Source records
************
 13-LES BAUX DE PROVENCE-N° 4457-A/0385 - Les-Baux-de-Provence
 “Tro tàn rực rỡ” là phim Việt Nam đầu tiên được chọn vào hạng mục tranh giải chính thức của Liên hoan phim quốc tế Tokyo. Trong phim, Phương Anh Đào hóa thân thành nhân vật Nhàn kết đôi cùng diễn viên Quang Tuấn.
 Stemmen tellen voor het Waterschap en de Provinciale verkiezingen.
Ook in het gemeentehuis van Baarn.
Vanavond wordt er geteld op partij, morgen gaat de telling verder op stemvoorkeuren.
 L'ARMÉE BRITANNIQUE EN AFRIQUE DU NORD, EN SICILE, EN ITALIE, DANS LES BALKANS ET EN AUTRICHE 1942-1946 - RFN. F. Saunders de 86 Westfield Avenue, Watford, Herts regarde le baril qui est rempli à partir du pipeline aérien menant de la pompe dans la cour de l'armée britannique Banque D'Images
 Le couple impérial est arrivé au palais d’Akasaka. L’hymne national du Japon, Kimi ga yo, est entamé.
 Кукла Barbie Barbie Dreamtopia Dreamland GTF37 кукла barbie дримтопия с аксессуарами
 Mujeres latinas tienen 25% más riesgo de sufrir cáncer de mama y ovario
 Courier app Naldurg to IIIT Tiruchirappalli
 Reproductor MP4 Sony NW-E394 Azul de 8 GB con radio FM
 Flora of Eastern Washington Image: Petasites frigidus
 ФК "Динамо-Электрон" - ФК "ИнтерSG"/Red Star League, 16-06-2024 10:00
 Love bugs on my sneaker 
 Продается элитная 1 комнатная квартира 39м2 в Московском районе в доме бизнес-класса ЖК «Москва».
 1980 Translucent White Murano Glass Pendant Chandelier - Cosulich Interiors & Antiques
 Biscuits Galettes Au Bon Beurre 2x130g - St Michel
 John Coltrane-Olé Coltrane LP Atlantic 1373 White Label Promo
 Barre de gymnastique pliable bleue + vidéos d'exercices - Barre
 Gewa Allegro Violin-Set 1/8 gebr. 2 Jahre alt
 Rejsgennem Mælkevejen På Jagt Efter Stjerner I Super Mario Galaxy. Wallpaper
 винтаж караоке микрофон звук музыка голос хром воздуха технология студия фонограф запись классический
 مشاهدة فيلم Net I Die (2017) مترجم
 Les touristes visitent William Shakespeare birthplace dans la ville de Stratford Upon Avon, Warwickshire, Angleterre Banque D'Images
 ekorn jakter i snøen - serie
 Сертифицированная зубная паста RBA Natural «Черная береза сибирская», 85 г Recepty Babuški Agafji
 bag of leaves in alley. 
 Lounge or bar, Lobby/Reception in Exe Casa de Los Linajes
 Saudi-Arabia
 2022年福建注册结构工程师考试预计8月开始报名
************
Retype the first line of the entries and every line after it, please, through the line that contains "مشاهدة فيلم Net I Die (2017) مترجم". Add nothing.

* Exercise solution:
 13-LES BAUX DE PROVENCE-N° 4457-A/0385 - Les-Baux-de-Provence
 “Tro tàn rực rỡ” là phim Việt Nam đầu tiên được chọn vào hạng mục tranh giải chính thức của Liên hoan phim quốc tế Tokyo. Trong phim, Phương Anh Đào hóa thân thành nhân vật Nhàn kết đôi cùng diễn viên Quang Tuấn.
 Stemmen tellen voor het Waterschap en de Provinciale verkiezingen.
Ook in het gemeentehuis van Baarn.
Vanavond wordt er geteld op partij, morgen gaat de telling verder op stemvoorkeuren.
 L'ARMÉE BRITANNIQUE EN AFRIQUE DU NORD, EN SICILE, EN ITALIE, DANS LES BALKANS ET EN AUTRICHE 1942-1946 - RFN. F. Saunders de 86 Westfield Avenue, Watford, Herts regarde le baril qui est rempli à partir du pipeline aérien menant de la pompe dans la cour de l'armée britannique Banque D'Images
 Le couple impérial est arrivé au palais d’Akasaka. L’hymne national du Japon, Kimi ga yo, est entamé.
 Кукла Barbie Barbie Dreamtopia Dreamland GTF37 кукла barbie дримтопия с аксессуарами
 Mujeres latinas tienen 25% más riesgo de sufrir cáncer de mama y ovario
 Courier app Naldurg to IIIT Tiruchirappalli
 Reproductor MP4 Sony NW-E394 Azul de 8 GB con radio FM
 Flora of Eastern Washington Image: Petasites frigidus
 ФК "Динамо-Электрон" - ФК "ИнтерSG"/Red Star League, 16-06-2024 10:00
 Love bugs on my sneaker 
 Продается элитная 1 комнатная квартира 39м2 в Московском районе в доме бизнес-класса ЖК «Москва».
 1980 Translucent White Murano Glass Pendant Chandelier - Cosulich Interiors & Antiques
 Biscuits Galettes Au Bon Beurre 2x130g - St Michel
 John Coltrane-Olé Coltrane LP Atlantic 1373 White Label Promo
 Barre de gymnastique pliable bleue + vidéos d'exercices - Barre
 Gewa Allegro Violin-Set 1/8 gebr. 2 Jahre alt
 Rejsgennem Mælkevejen På Jagt Efter Stjerner I Super Mario Galaxy. Wallpaper
 винтаж караоке микрофон звук музыка голос хром воздуха технология студия фонограф запись классический
 مشاهدة فيلم Net I Die (2017) مترجم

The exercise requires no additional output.